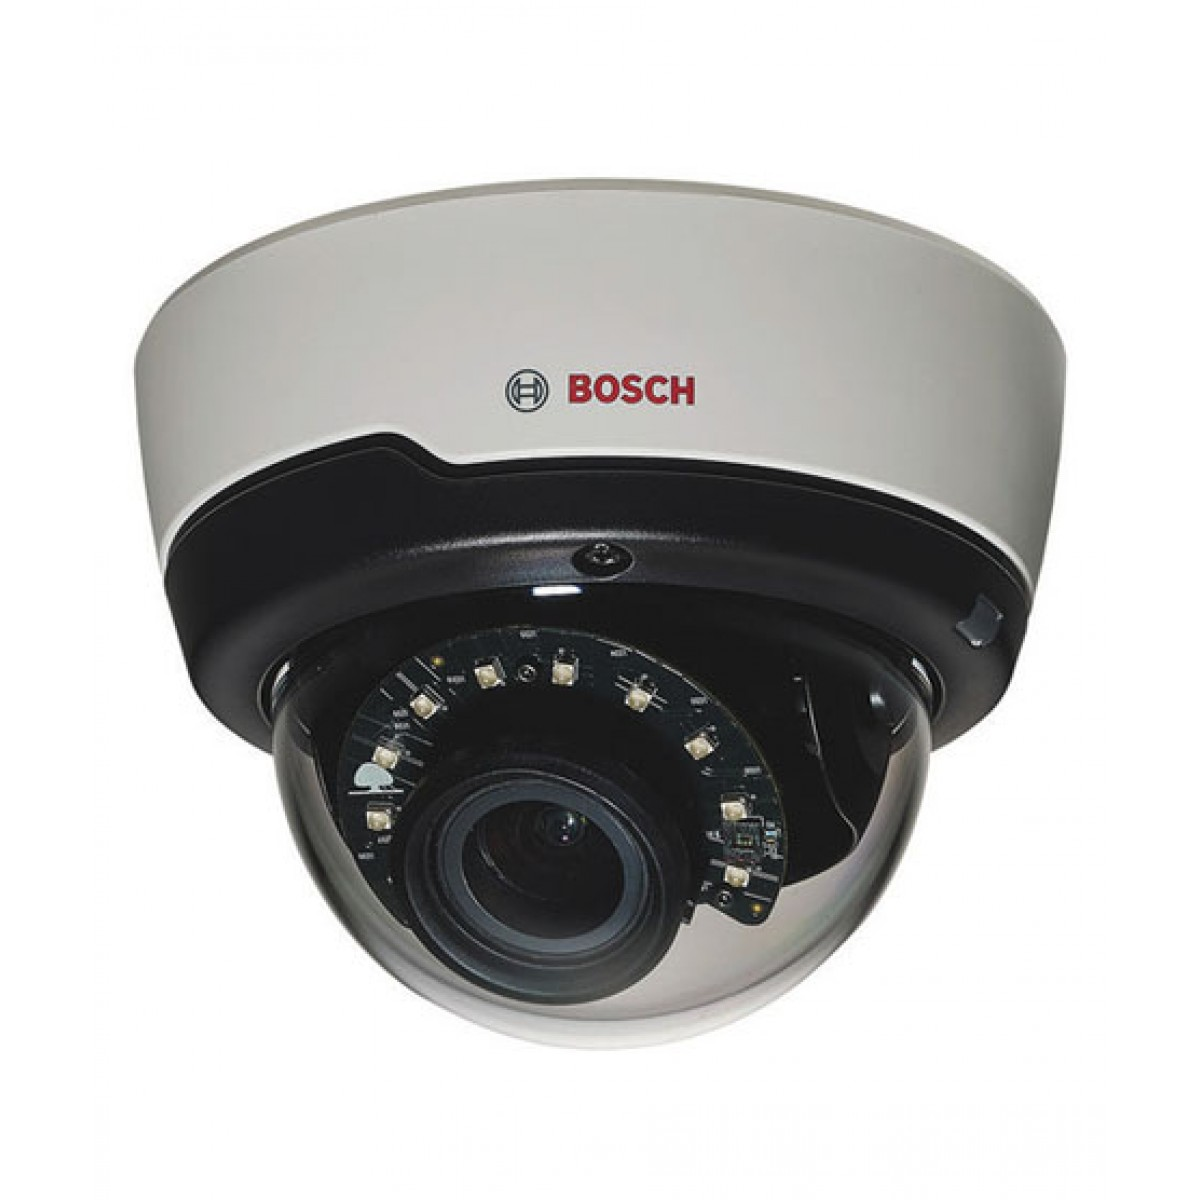 Bosch FLEXIDOME IP 4000 HD Dome Camera
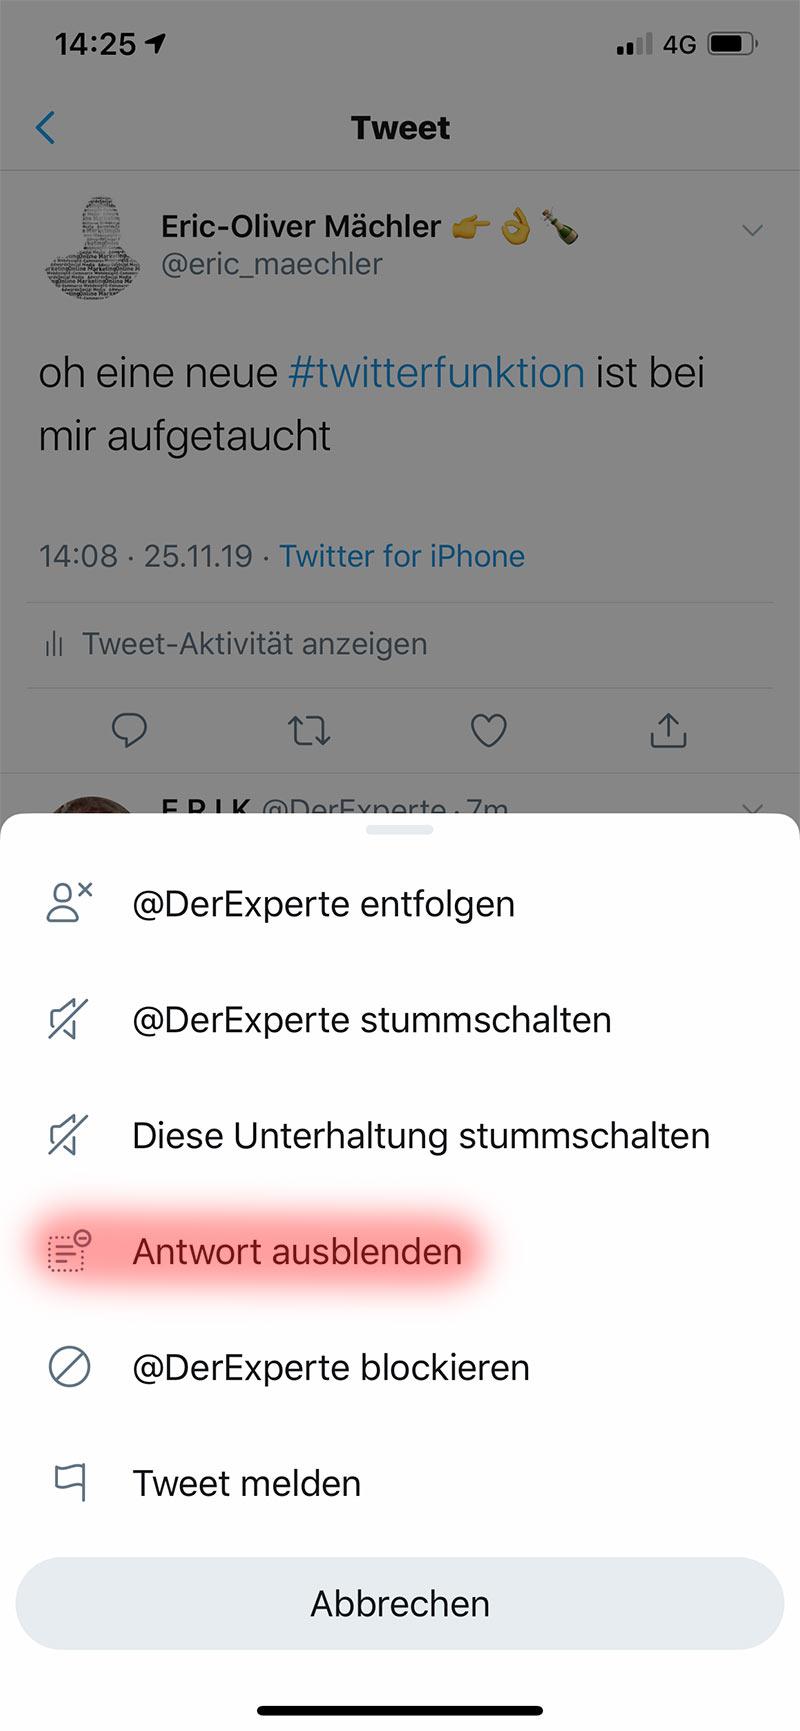 twitter funktion antwort ausblenden 2 - Twitter neue Funktion - Antwort ausblenden
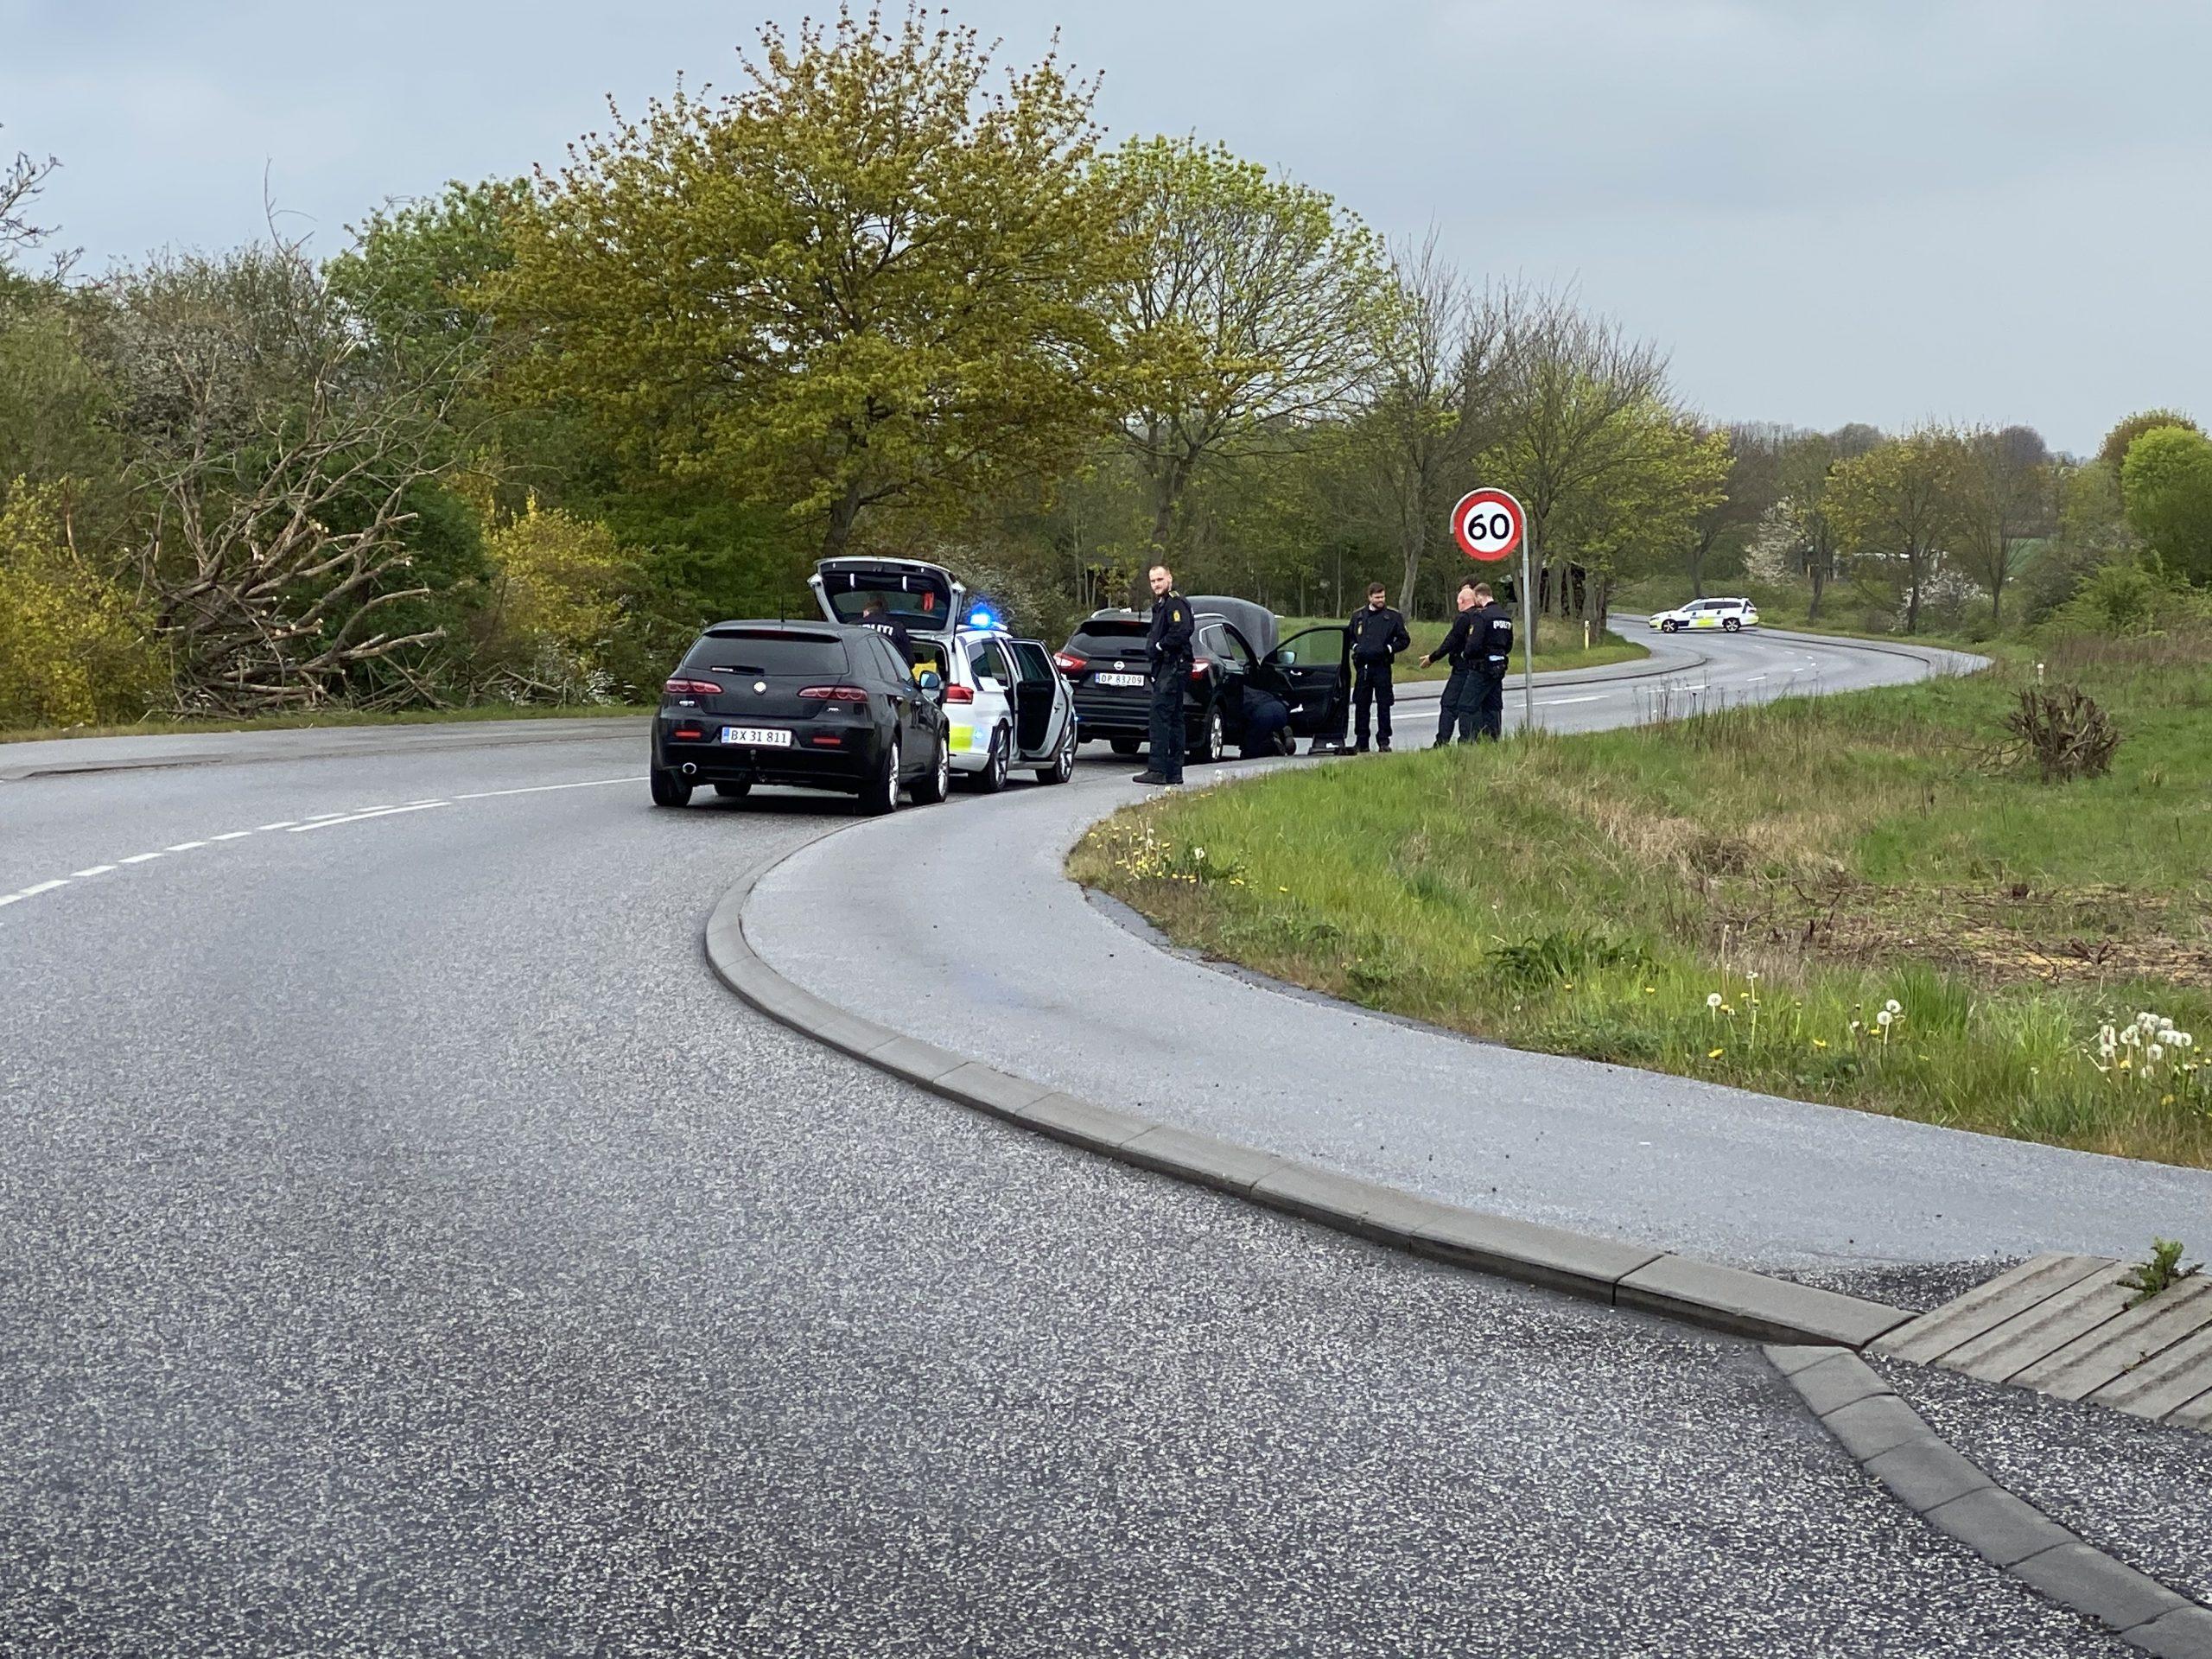 SE VIDEO : Politiet har afspærret et stykke af Adelvej i Taulov.
-=-=-=-=-
### What is being asked
Precisely the lines from the one containing "twitter funktion antwort" to the end of the data above, both included, should be printed; leave the pictures out.

### Expected answer
 twitter funktion antwort ausblenden 2 - Twitter neue Funktion - Antwort ausblenden
 SE VIDEO : Politiet har afspærret et stykke af Adelvej i Taulov.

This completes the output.